Work to complete:
Although the data below contains pictures, please reproduce only its words, exactly.

Data provided:
──────

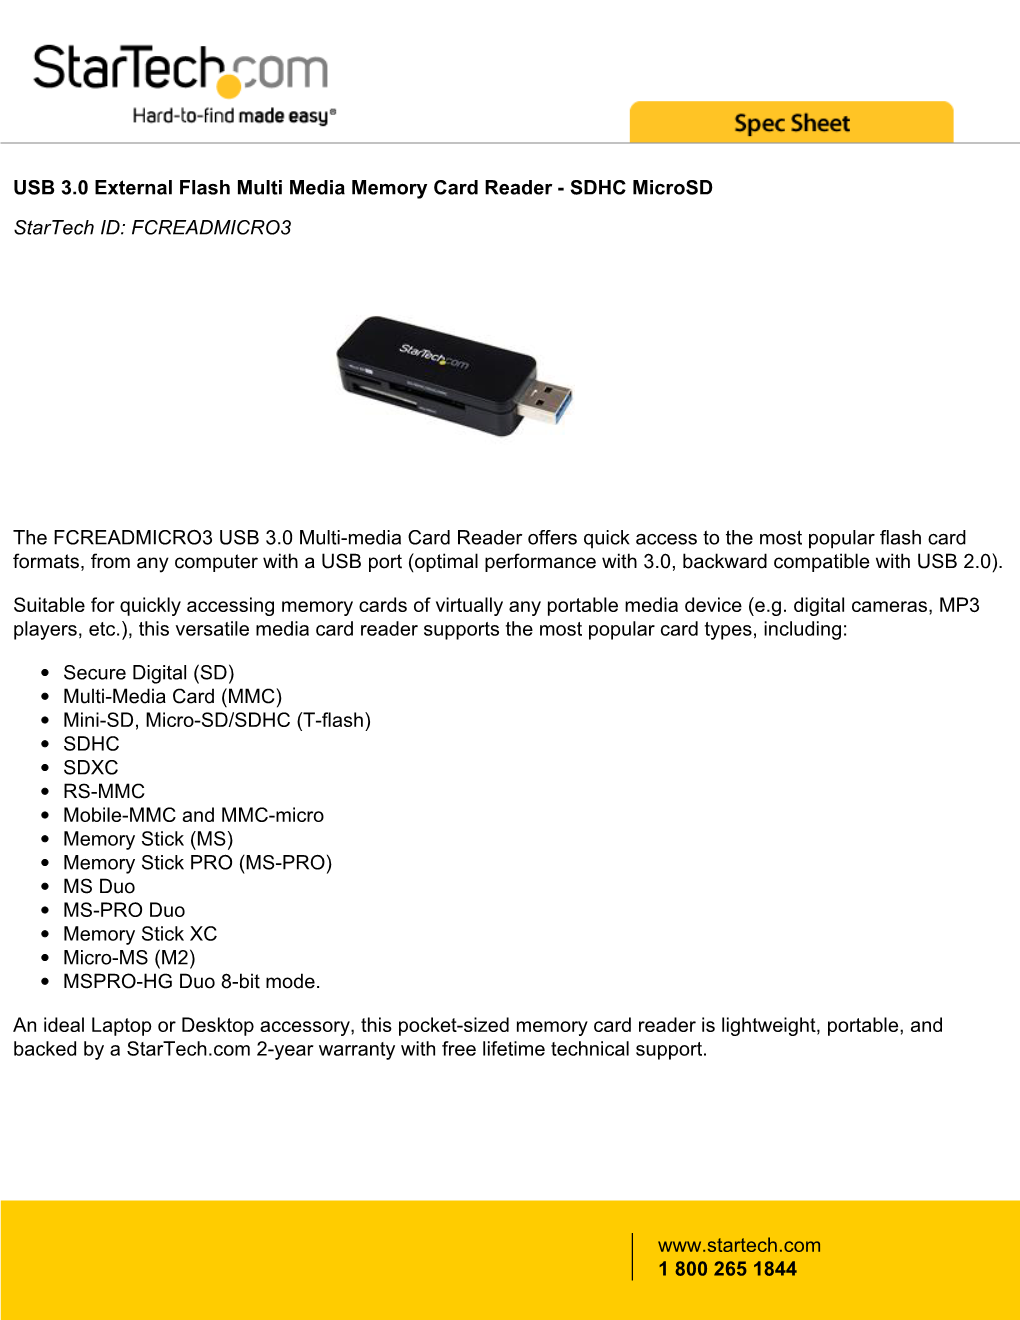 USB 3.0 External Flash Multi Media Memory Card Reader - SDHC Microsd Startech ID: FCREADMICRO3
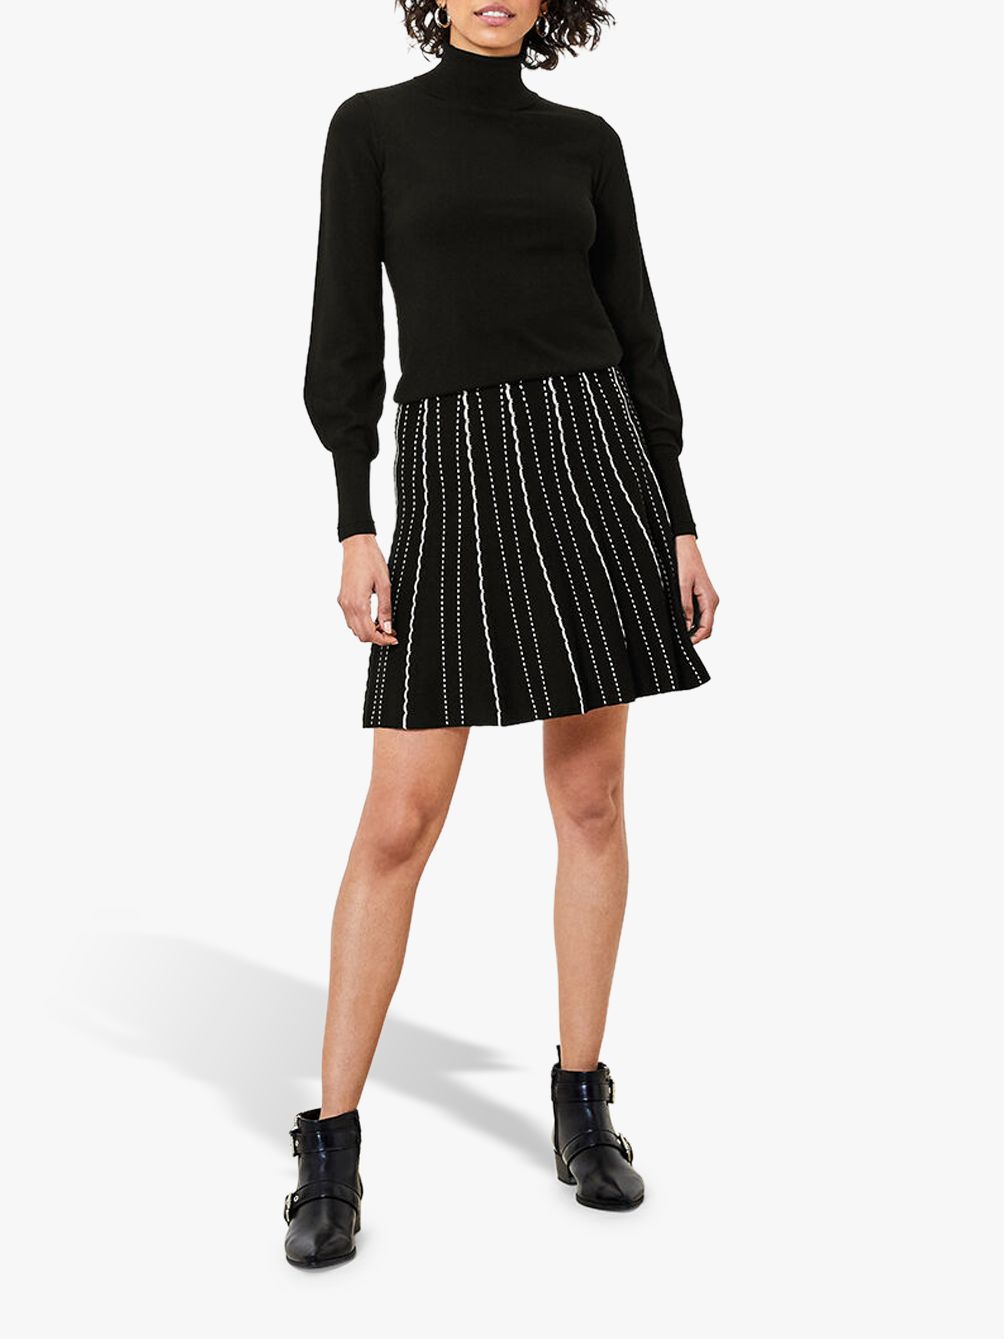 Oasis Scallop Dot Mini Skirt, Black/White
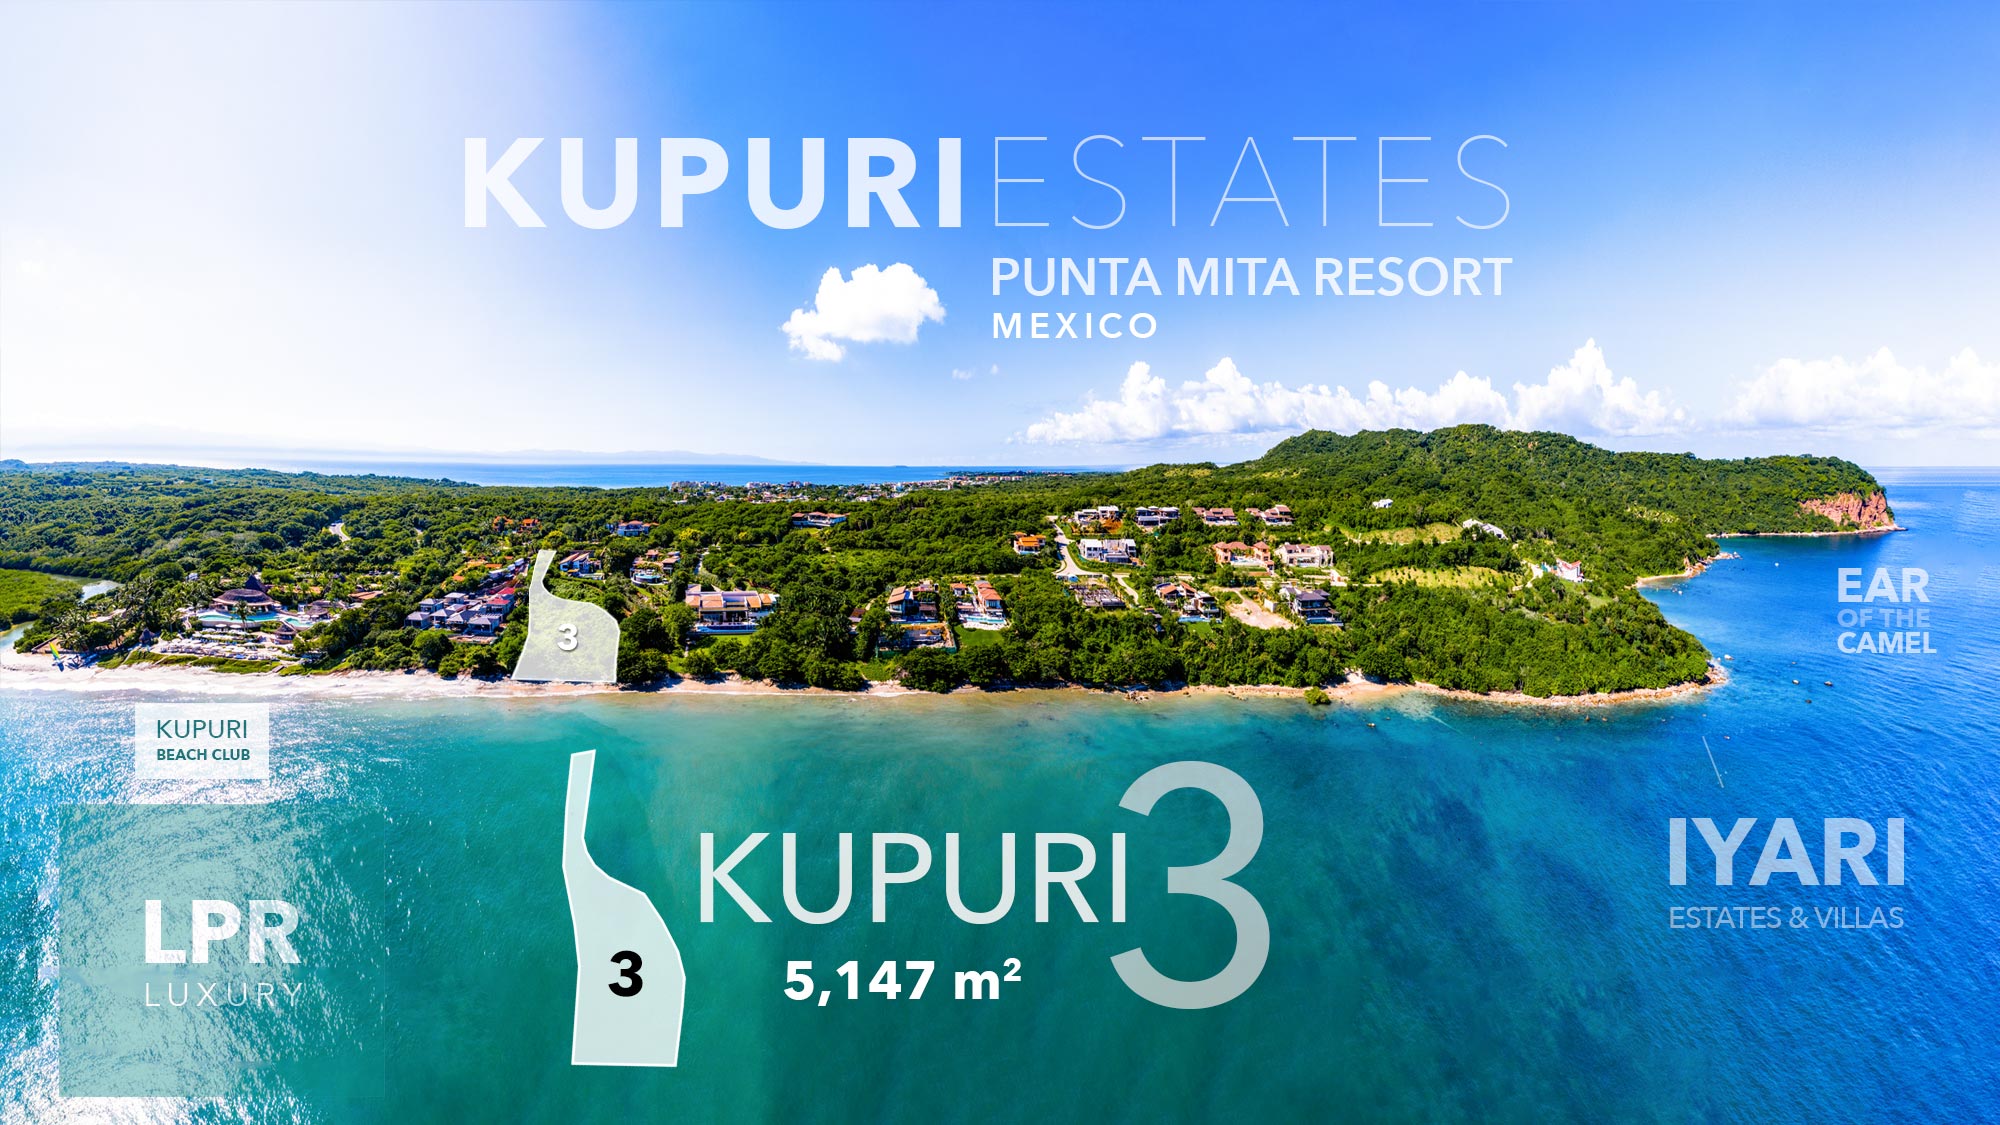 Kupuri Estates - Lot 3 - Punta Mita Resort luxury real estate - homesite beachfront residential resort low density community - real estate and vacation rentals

──────

Answer for this exercise:
 USB 3.0 External Flash Multi Media Memory Card Reader - SDHC Microsd Startech ID: FCREADMICRO3
 Oasis Scallop Dot Mini Skirt, Black/White
 Kupuri Estates - Lot 3 - Punta Mita Resort luxury real estate - homesite beachfront residential resort low density community - real estate and vacation rentals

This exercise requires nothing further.